# babies first outing



## WendyBob (Dec 7, 2014)

This morning Jeff and Pepper decided to come out of the cage and explore the room. Im so proud of them they didnt bang into anything and Pepper sat bobbing her head looking excited. Ive also got them eating millet out of my hand and only took me 2 days. They are doing so well. Ive had them 1 week and they have come a long way in a short time. The lessons i learnt with Bob have definately helped me with these 2 babies.

Cute watching them explore and shout out to each other


----------



## FaeryBee (May 9, 2011)

*Jeff and Pepper look as if they are settling in quite nicely! :thumbsup:*


----------



## KayleighHoudini (Jan 18, 2015)

Aww, they just look so content and confident out! How nice!


----------



## WendyBob (Dec 7, 2014)

Peppers been bobbing her head alot while out of the cage, does anyone know if this is because she was excited and happy, she certainly seemed to be


----------



## StarlingWings (Mar 15, 2013)

Yes, that's a sign she's enjoying herself and is eager to play and have fun! 

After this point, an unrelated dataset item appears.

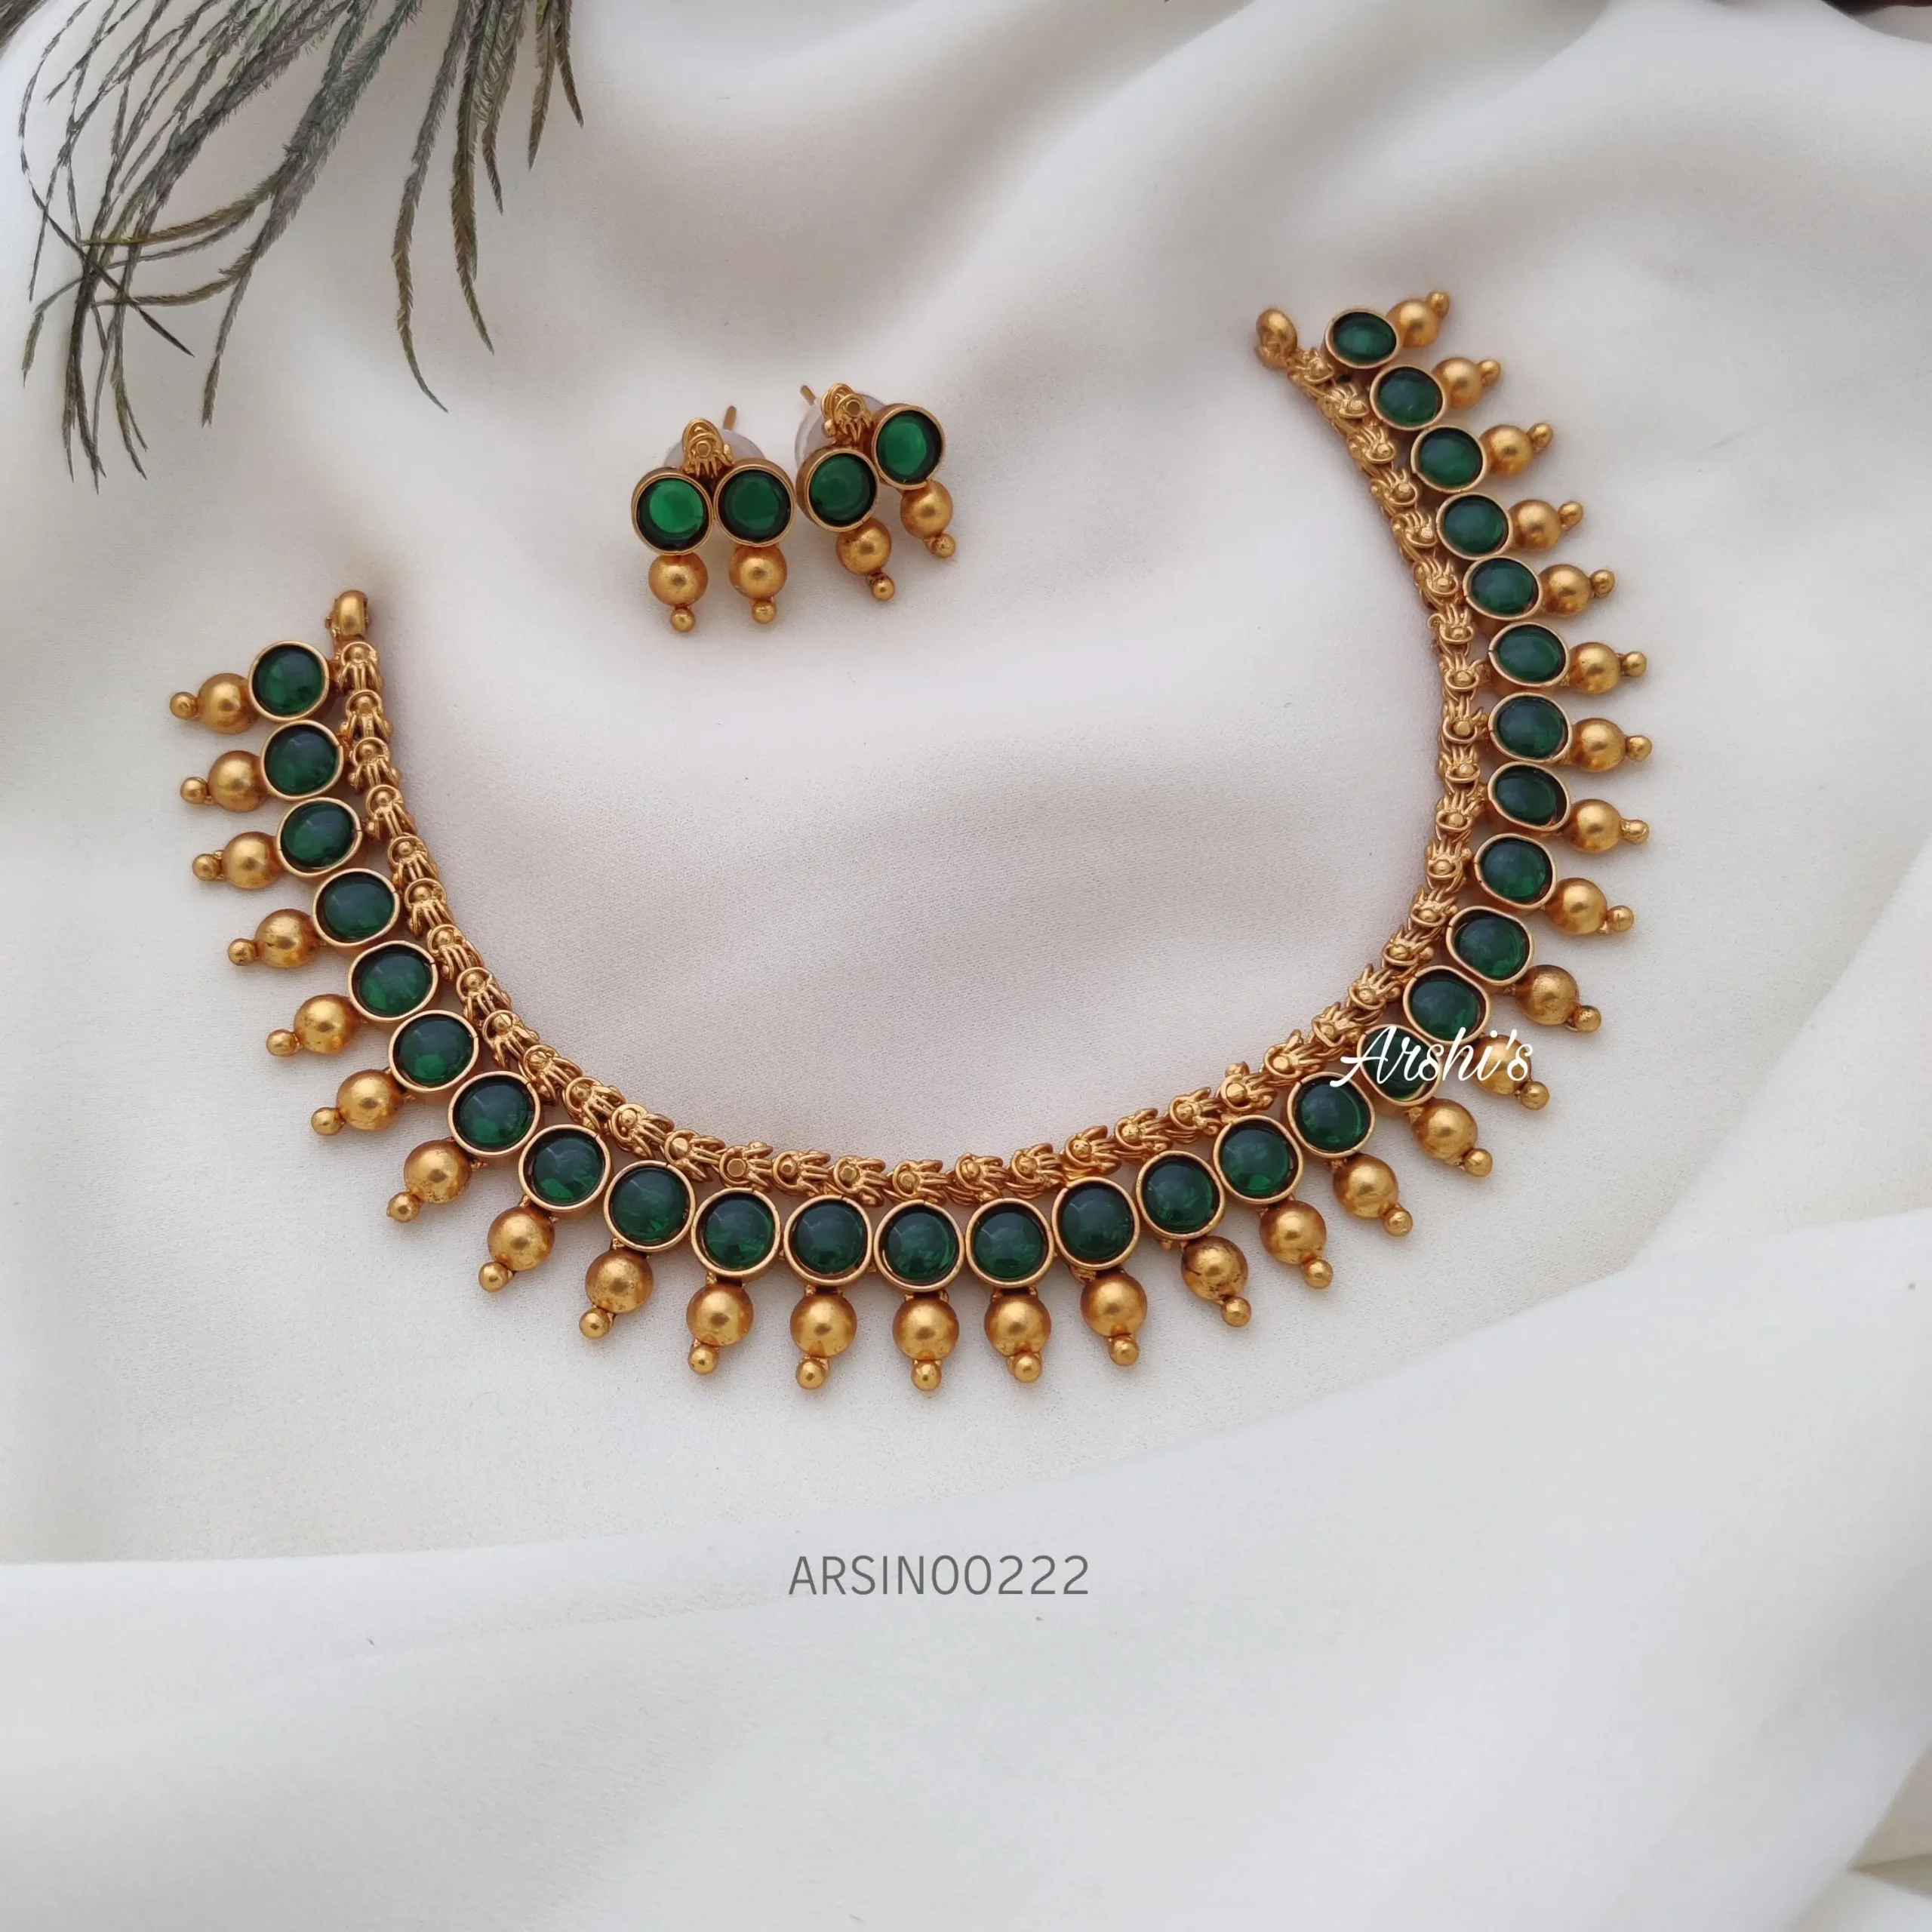 Vintage style Peacock green layered choker pendant necklace at ₹2450 |  Azilaa
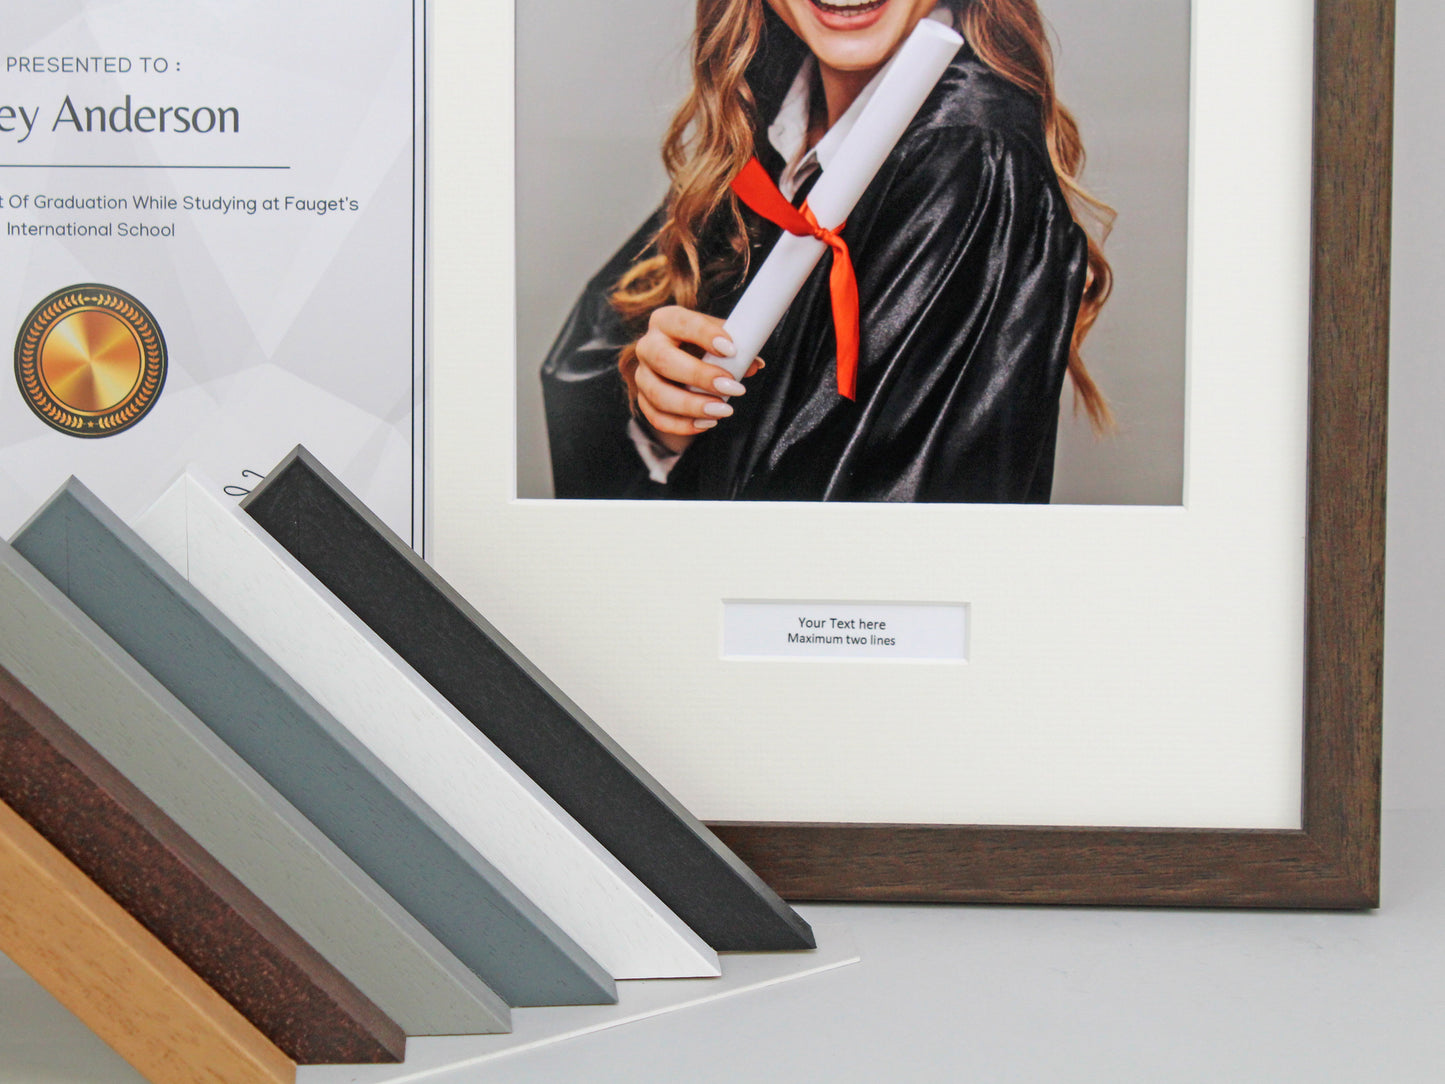 Personalised Certificate, Graduation, Diploma Frame with Two Photos. Suits an A4 sized Photo/Certificate and Two 5x7" Photos. - PhotoFramesandMore - Wooden Picture Frames

It appears, by the way, that fun is what they had when they were out and about 

They are so sweet, I'm happy they're settling in so well! :clap:


----------



## WendyBob (Dec 7, 2014)

Aaww bless she did that when in walked up to her. She doesnt seem nervous around me but doesnt seem as interested in me as Jeff so that makes me really happy. Alot of progress in 1 week. Jeff will even perch on my finger im so proud of them


----------



## Budget baby (Jan 1, 2013)

You should be very proud of yourself for the correct approach and attitude. Obviously you are doing the right thing and your budgies are responding beautifully. I love watching the head bobbing displays, sometimes one of mine does the moon walk backwards when he head bobs.


----------